Anche il meccanismo elettorale, complicato e farraginoso, non aiuta in questo senso: il fatto che ad esempio in Germania si possa votare Weber ma non Timmermans, che è olandese e dunque non ha il suo “collegio elettorale” in terra tedesca, contribuisce a rendere poco chiaro il rapporto diretto fra la crocetta apposta sulla scheda e la sua conseguenza in termini concreti.
Infine, un fattore determinante è che a quanto sembra gli stessi partiti sembrano meno interessati di quanto ci si potrebbe aspettare: e lo si capisce dai soldi investiti per la campagna elettorale, più o meno la metà rispetto alle politiche del 2017. La SPD ha stanziato 11 milioni di euro, la CDU 10, i Verdi poco più di 2; per le Bundestagswahl 2017 le cifre erano, rispettivamente, di 24, 20 e 5,4 milioni.
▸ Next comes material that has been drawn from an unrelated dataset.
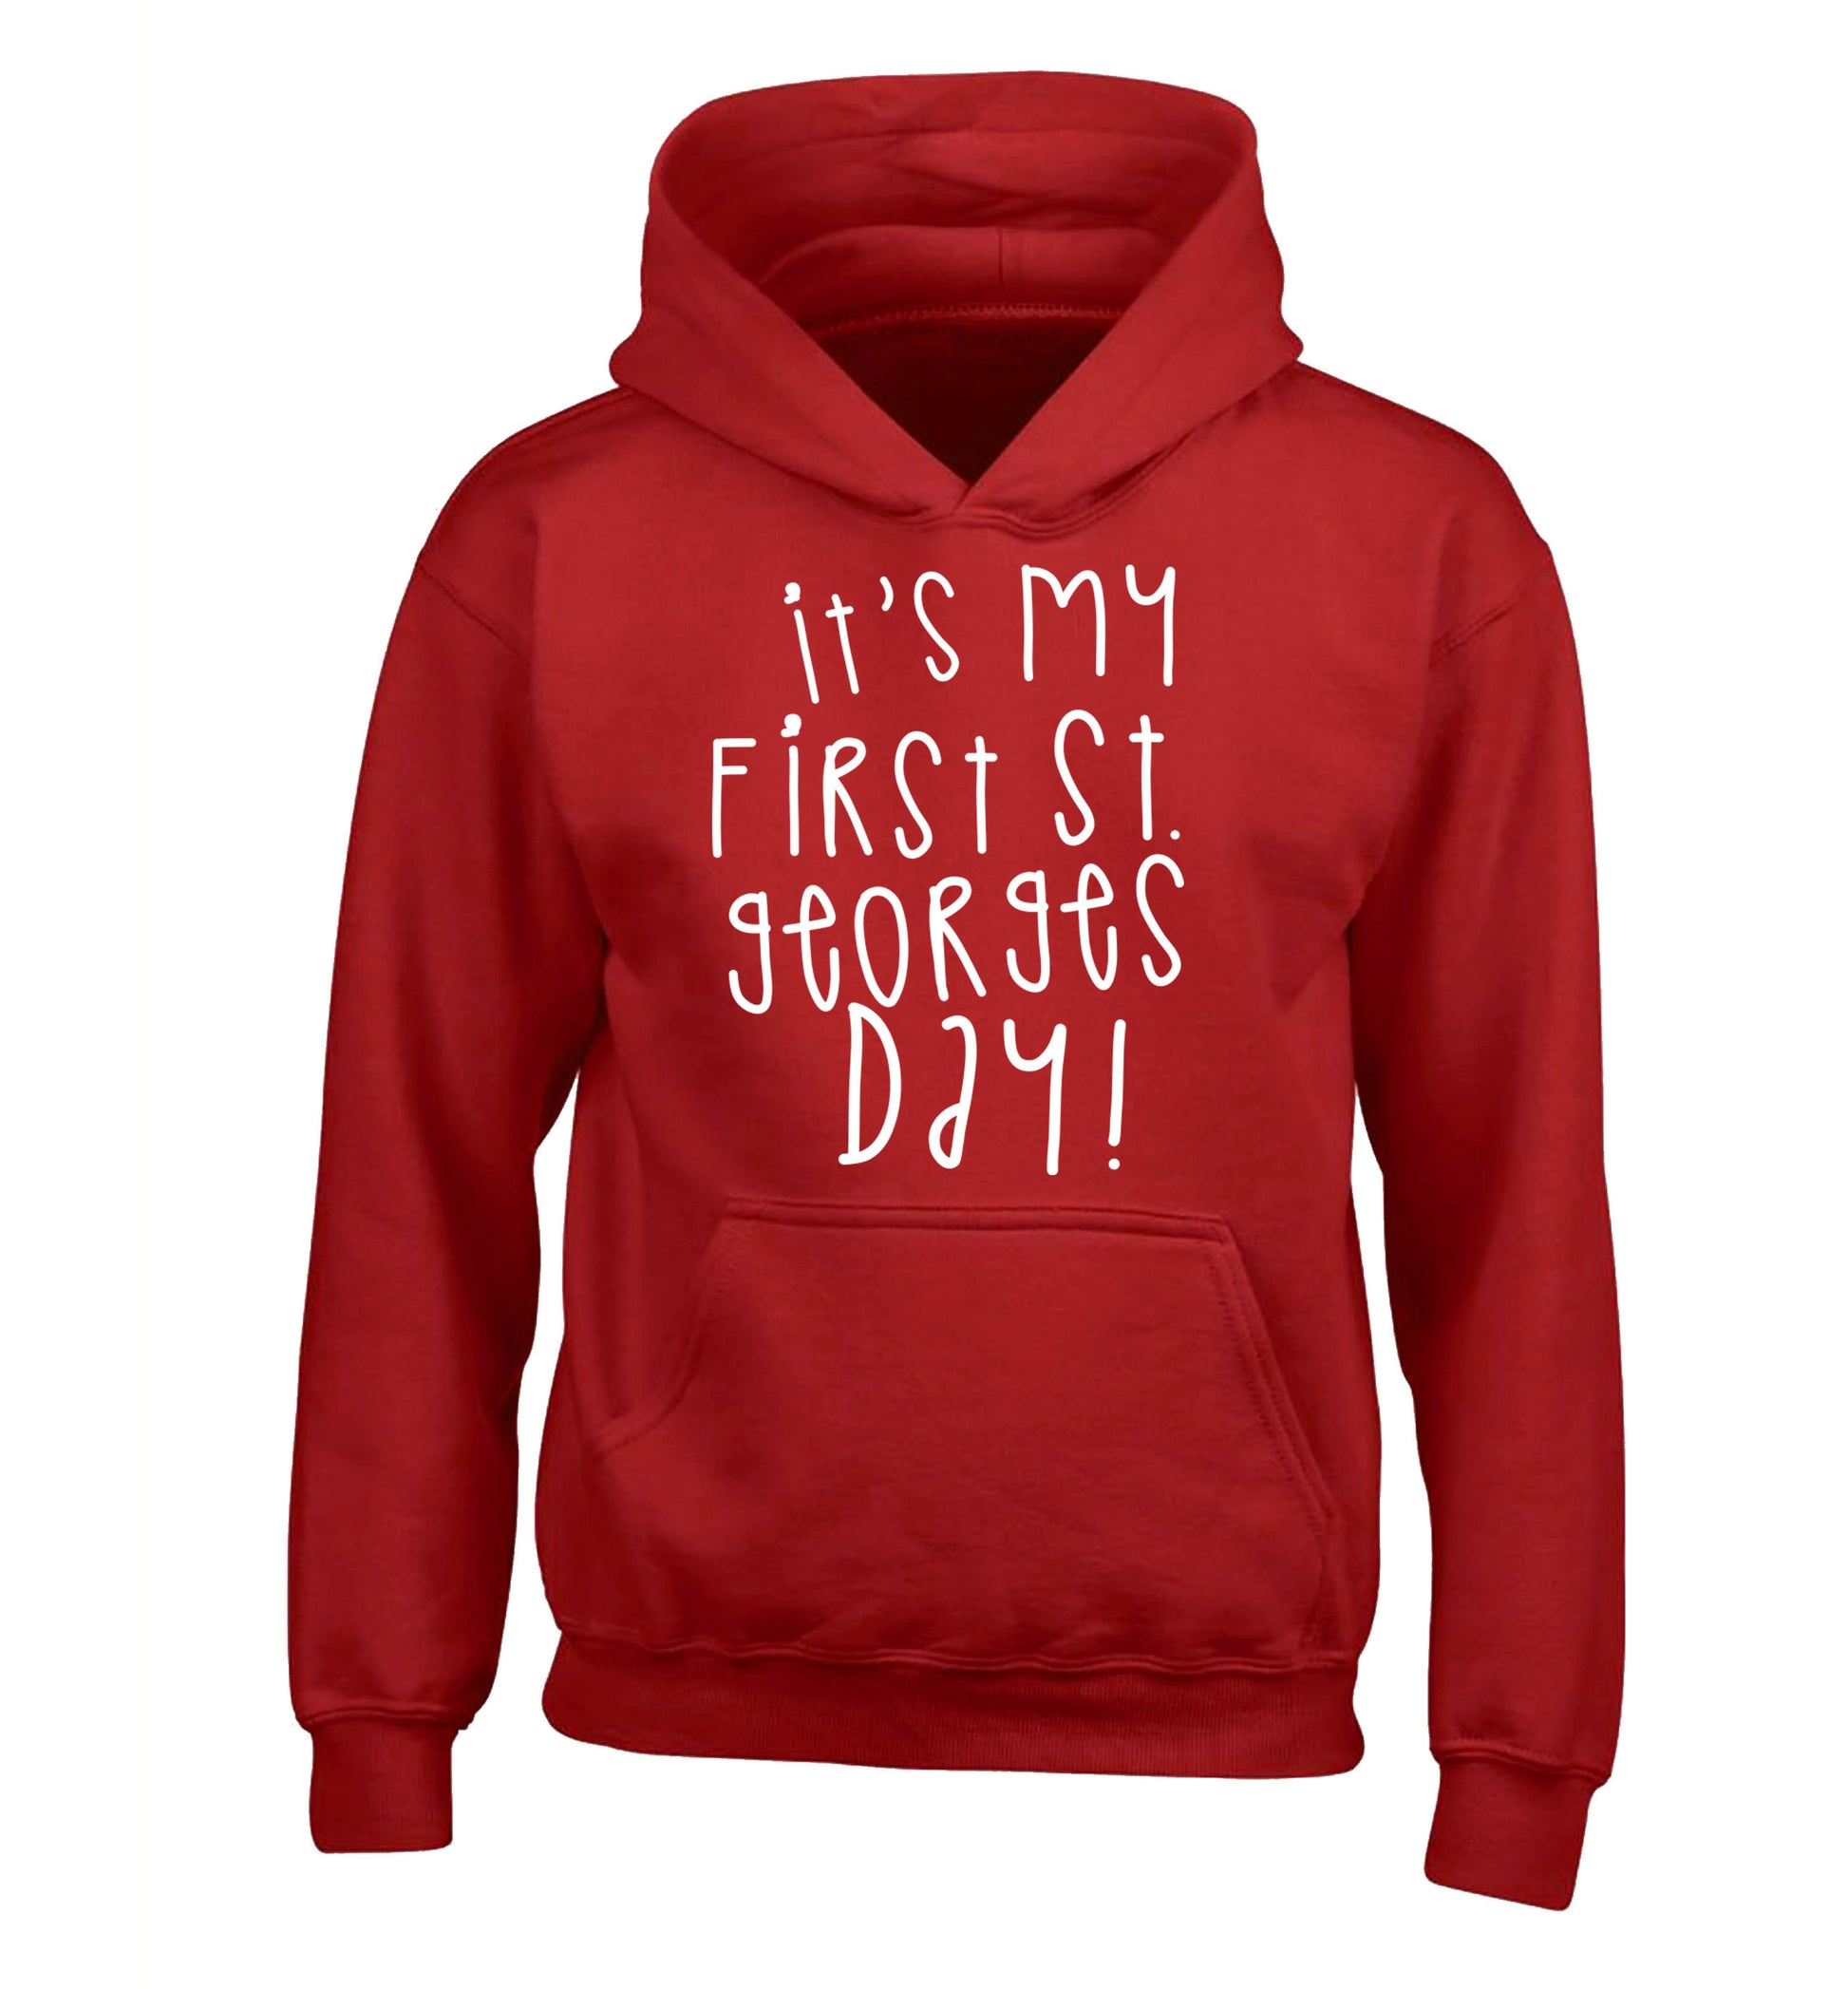 It's my first St Georges day children's red hoodie 12-14 Years

Meno soldi vuol dire, naturalmente, meno iniziative, meno incontri, meno pubblicità, meno eventi: e si tratta di solito di un indicatore abbastanza accurato della rilevanza che i partiti accordano alla tornata elettorale.
Come spesso capita, poi, anche in Germania le dinamiche di politica interna sono un elemento chiave per capire le mosse dei partiti e il loro posizionamento, per cui anche in questo caso anche se si parla di Europa si tiene sempre d’occhio ciò che succede a Berlino.
Questo è particolarmente vero per la SPD: reduci da una serie di sconfitte elettorali e sempre più lontani nei sondaggi dalla soglia psicologica del 20%, i socialdemocratici hanno disperatamente bisogno di ritrovare un’identità chiara e definita – e possibilmente alternativa a quella della CDU, con cui governano ormai da 6 anni. Probabilmente per questo motivo hanno deciso di impostare la loro campagna sui temi sociali e di sostegno al lavoro al reddito, e di candidare come capolista Katarina Barley: ex Segretaria Generale del partito e attuale Ministro della Giustizia, Barley è infatti uno dei volti più noti della corrente di sinistra.
Vedremo se basterà: come nota questo grafico elaborato dal blog Potsdamer Platz di Ubaldo Villani-Lubelli, la SPD è in calo costante dalle scorse Europee, e i sondaggi non sembrano avere pietà.

Lo sapremo presto, comunque: il 26 maggio è ormai davvero dietro l’angolo.